ちびっ子の私を家の不安定さやひとりの寂しさのようなもので傷つかないように守っている。愛されていない、ここは安全な場所ではないという事を感じさせないように。

随分前にセラピーで存在を現した。彼女は触れようとすると激しく抵抗する。怒りと警戒心で誰にも心を許さない。父というテーマを取り扱い始めて彼女はますます激しく攻撃的になった。

 

数日前、とても小さなアイデアのようなものが浮かんだ。ひらめき?とても小さな。

 

「誰よりも守ってもらいたかったのはいわとちゃんか。」

父の機嫌次第でいつどうなるかわからない緊張感や誰にも守ってもらえない孤独と不安の中、中高生なりの頭を使って自分を維持した。(面白いことにそのまま現在も中学生っぽいメンタルで維持されている。いわとちゃんに聞こえると怒られそうだけど)

 

傷つきやすいちびっ子の私を守るのだという役割で彼女は頑張れたのかもしれない。

そのことに気づいてもらいたかったのだと思う、まず私が自覚しなくてはダメだったのだ。私はもっと第三者に気づいてもらいたいのだと思っていた。

そのことに気づいた時、涙がポロポロ出た。ドラマチックに堰を切ったようになんか泣かないいわとちゃんだ。

そのことに気づいてからはその後も考えていた。自分でも驚いたから。

 

次には運転して実家に向かっている時、またポロポロと涙が出た。

この涙はいわとちゃんという昔の私のものなのか今の私のものなのか。分からなかった。今の私といわとちゃんが重なって溶けてゆくような、存在が薄くなった感じがした。

 

あれ?いなくなっちゃうの?

こんな簡単に?

 

とその時は思ったのだけど今また私の中に彼女の存在を感じる。また近づこうとすると威嚇しようとすることもあるけれど何か前とちがうんだよな。ほんと気難しい思春期ぽい。

いや。私がまだいなくなって欲しくないのかも。もう少しいわとちゃんと交流したいのかも。

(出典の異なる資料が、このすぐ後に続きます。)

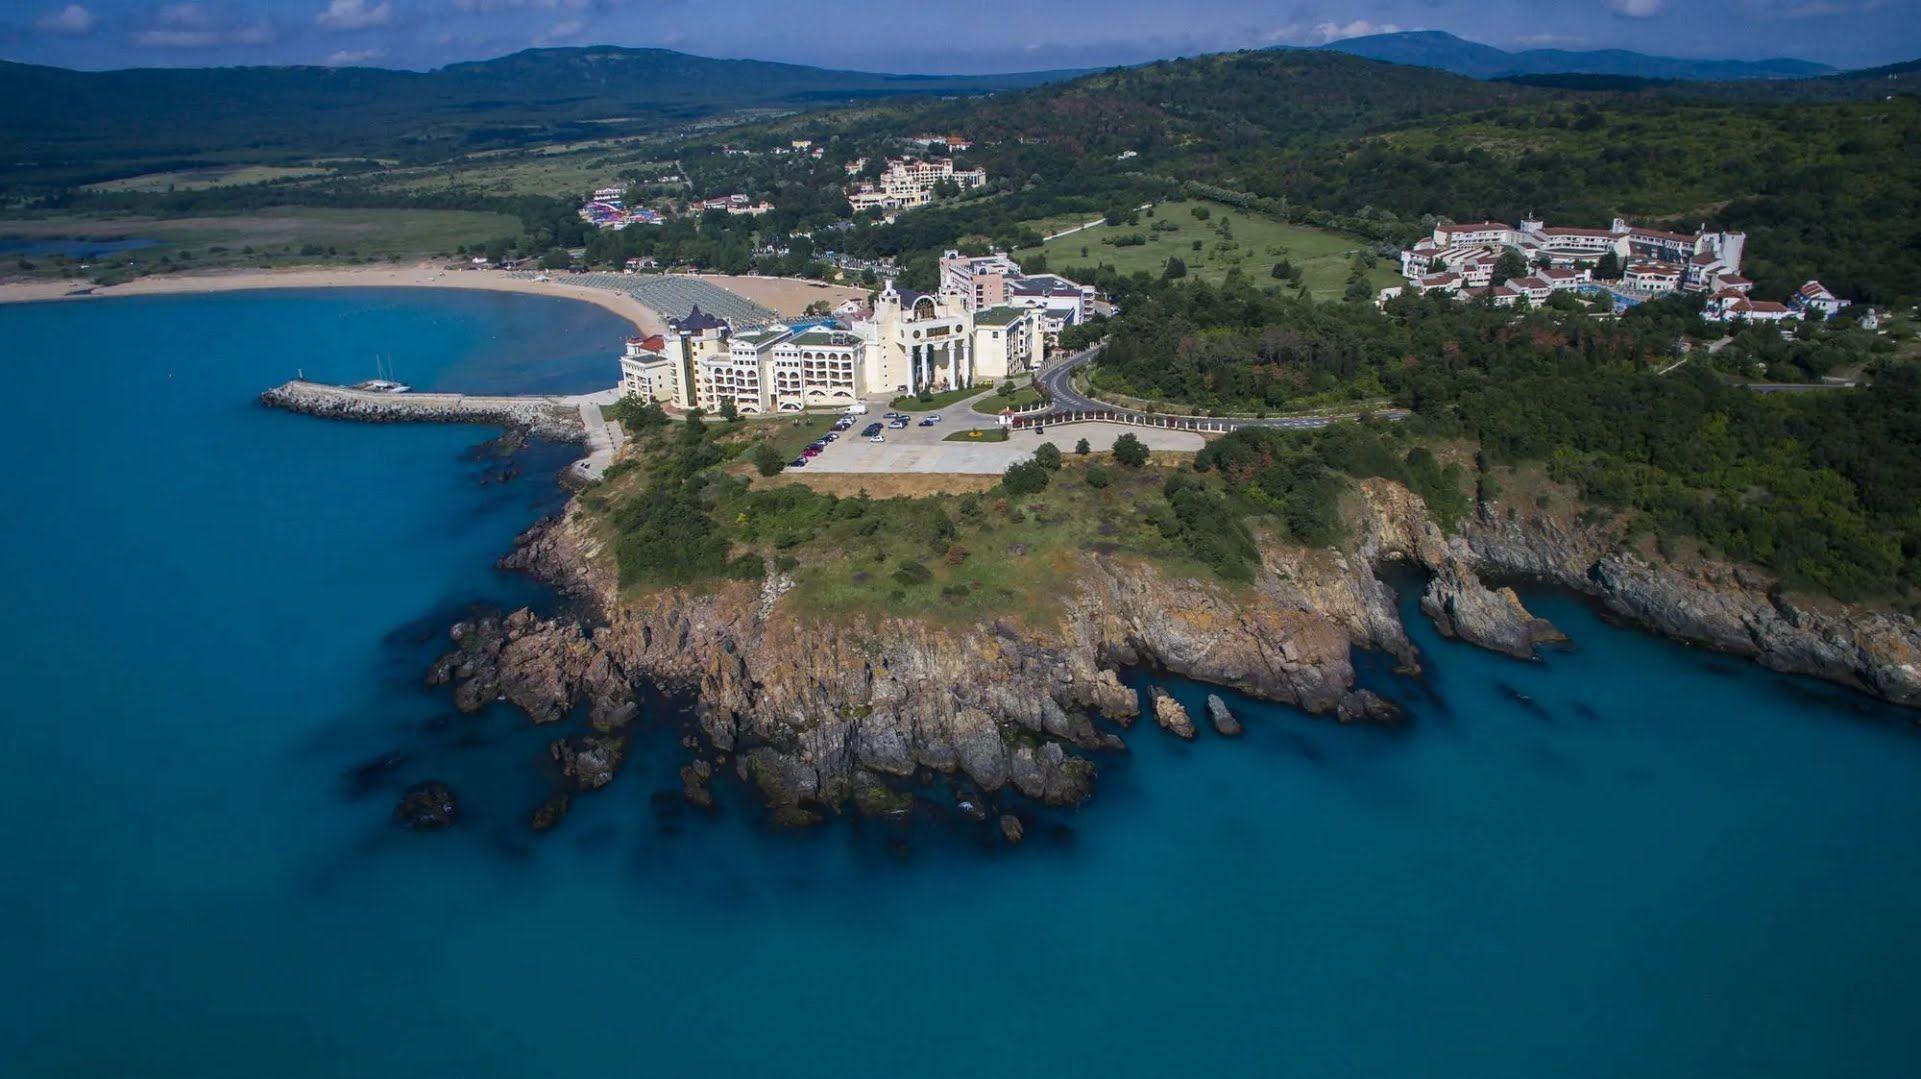 Дюни – молодой курорт, расположенный в небольшом поселке на южном побережье Болгарии.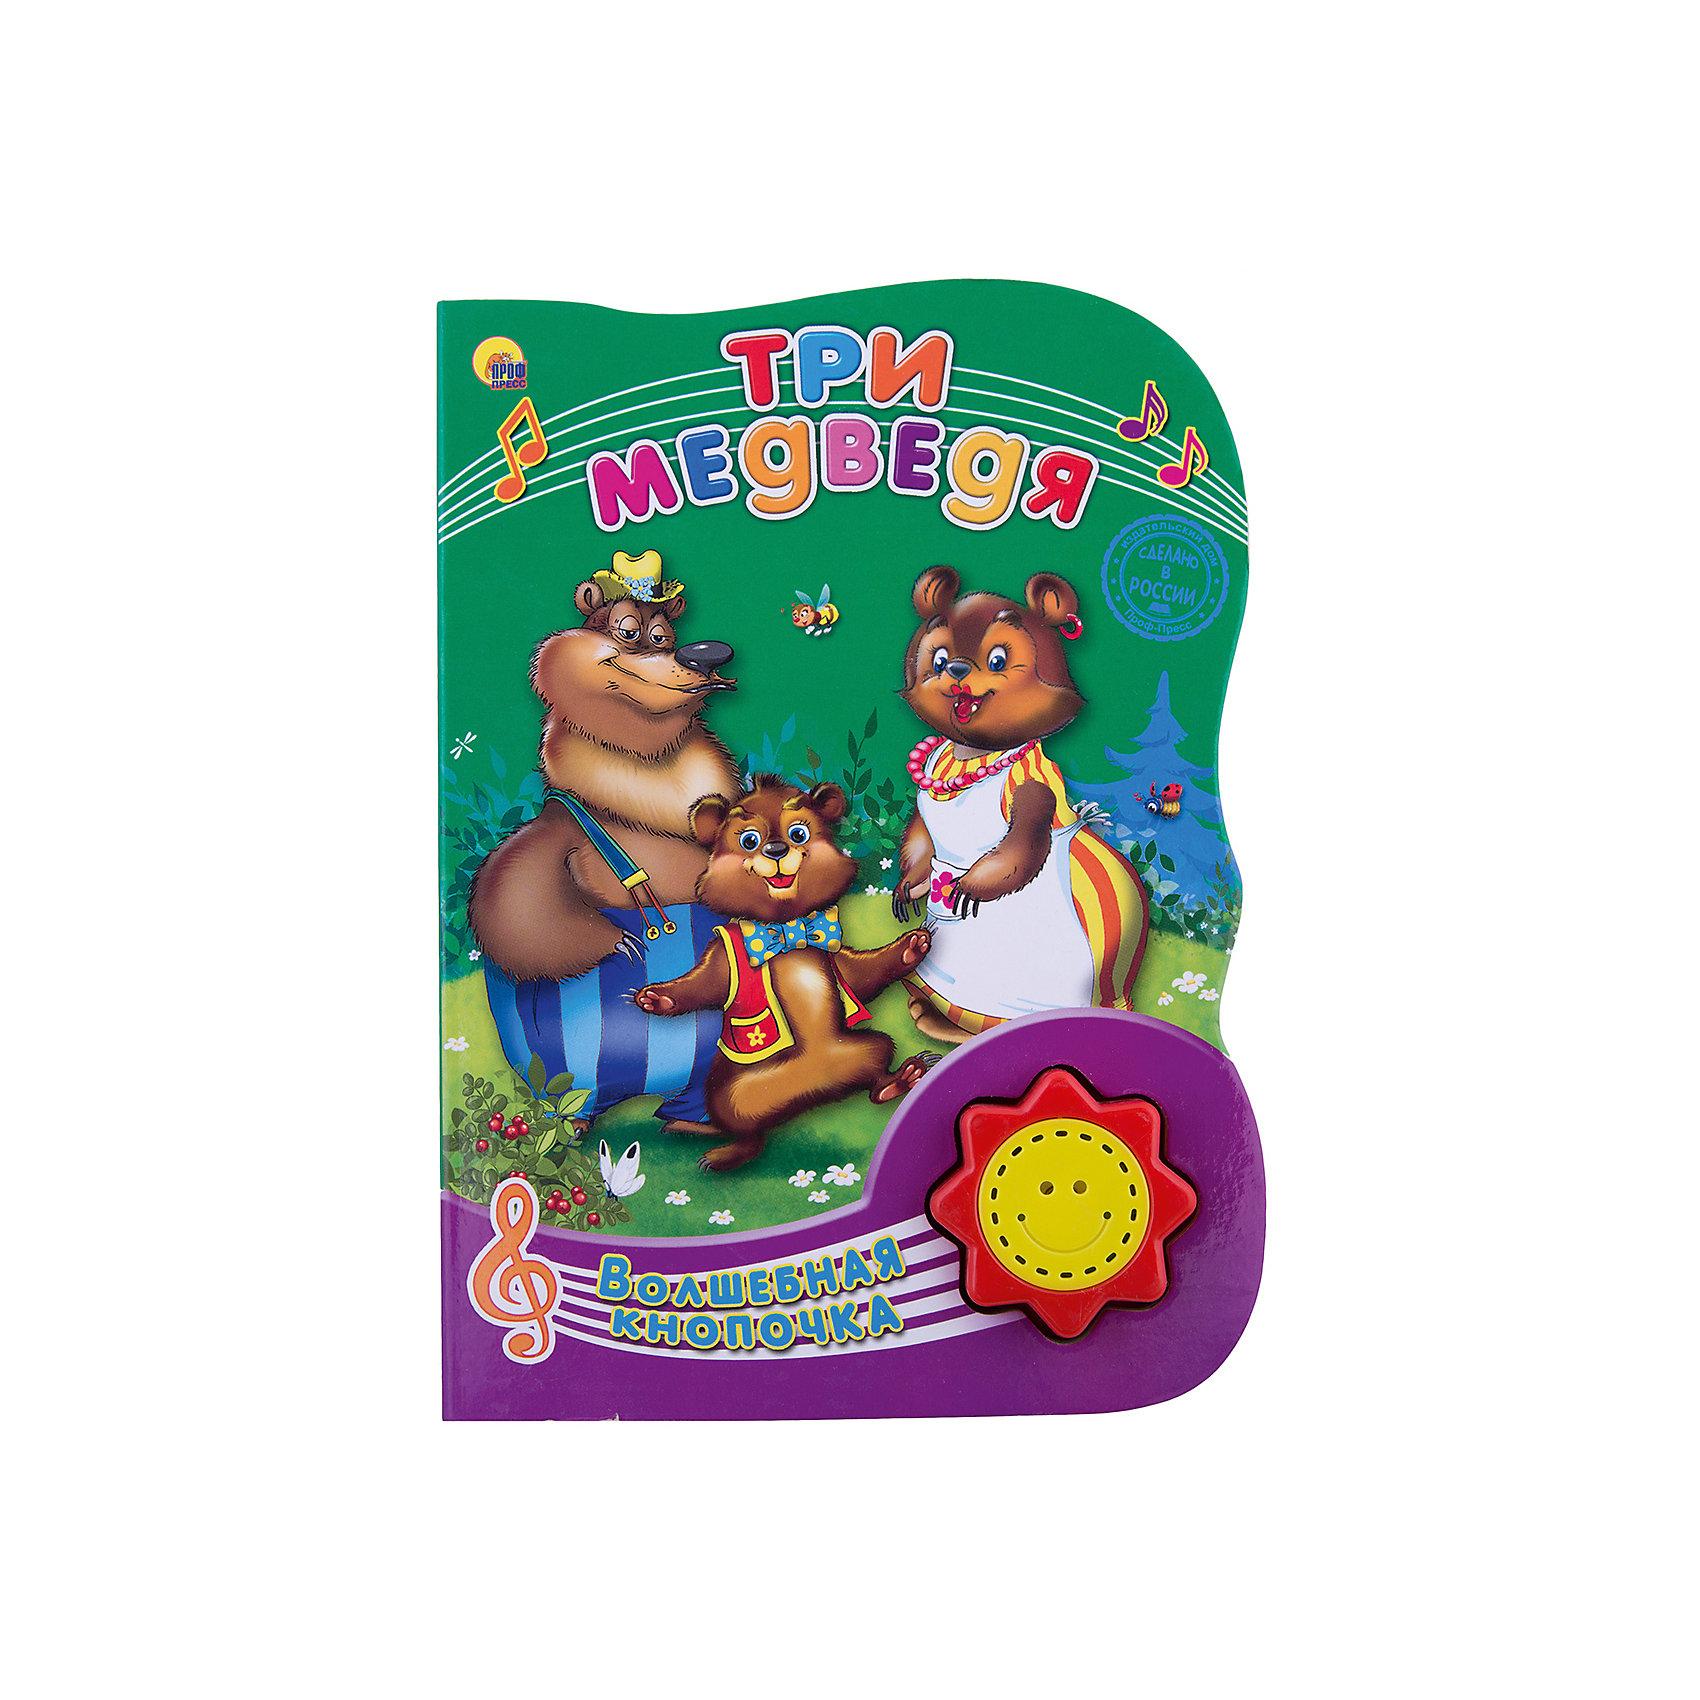 Три медведя, Волшебная кнопочкаЕсть сказки, проверенные многими поколениями, которые понравятся и современным детям. Книги - это лучший подарок не только взрослым, они помогают детям познавать мир и учиться читать, также книги позволяют ребенку весело проводить время. Они также стимулируют развитие воображения, логики и творческого мышления.<br>Это издание сделано специально для самых маленьких - с плотными страничками и звуковым модулем, который будет сопровождать сказку песенками и музыкой. Яркие картинки обязательно понравятся малышам! Книга сделана из качественных и безопасных для детей материалов.<br>  <br>Дополнительная информация:<br><br>страниц: 8; <br>размер: 212x155x25 мм;<br>вес: 200 г.<br><br>Книгу со звуковым модулем Волшебная кнопочка. Три медведя от издательства Проф-Пресс можно купить в нашем магазине.<br><br>Ширина мм: 155<br>Глубина мм: 20<br>Высота мм: 210<br>Вес г: 200<br>Возраст от месяцев: 0<br>Возраст до месяцев: 60<br>Пол: Унисекс<br>Возраст: Детский<br>SKU: 4787261

彼女は努力によく頑張って来たね、みたいなに寄り添うのではなく、守ってもらいたかったのはあなただったよねという言葉があの子の何より欲しかった言葉だったのだと思う。

同情より理解を求めていたのかもしれない。

でも自分の中で溶け合う世界に一歩、いや何十歩も近づいたような気がした。

ちびっ子の私はきっと彼女のおかげで無傷に近い無垢さを保てているような気がする。それこそ天照大御神みたいに太陽みたいな子ならいいな。近いうちに会えるかな。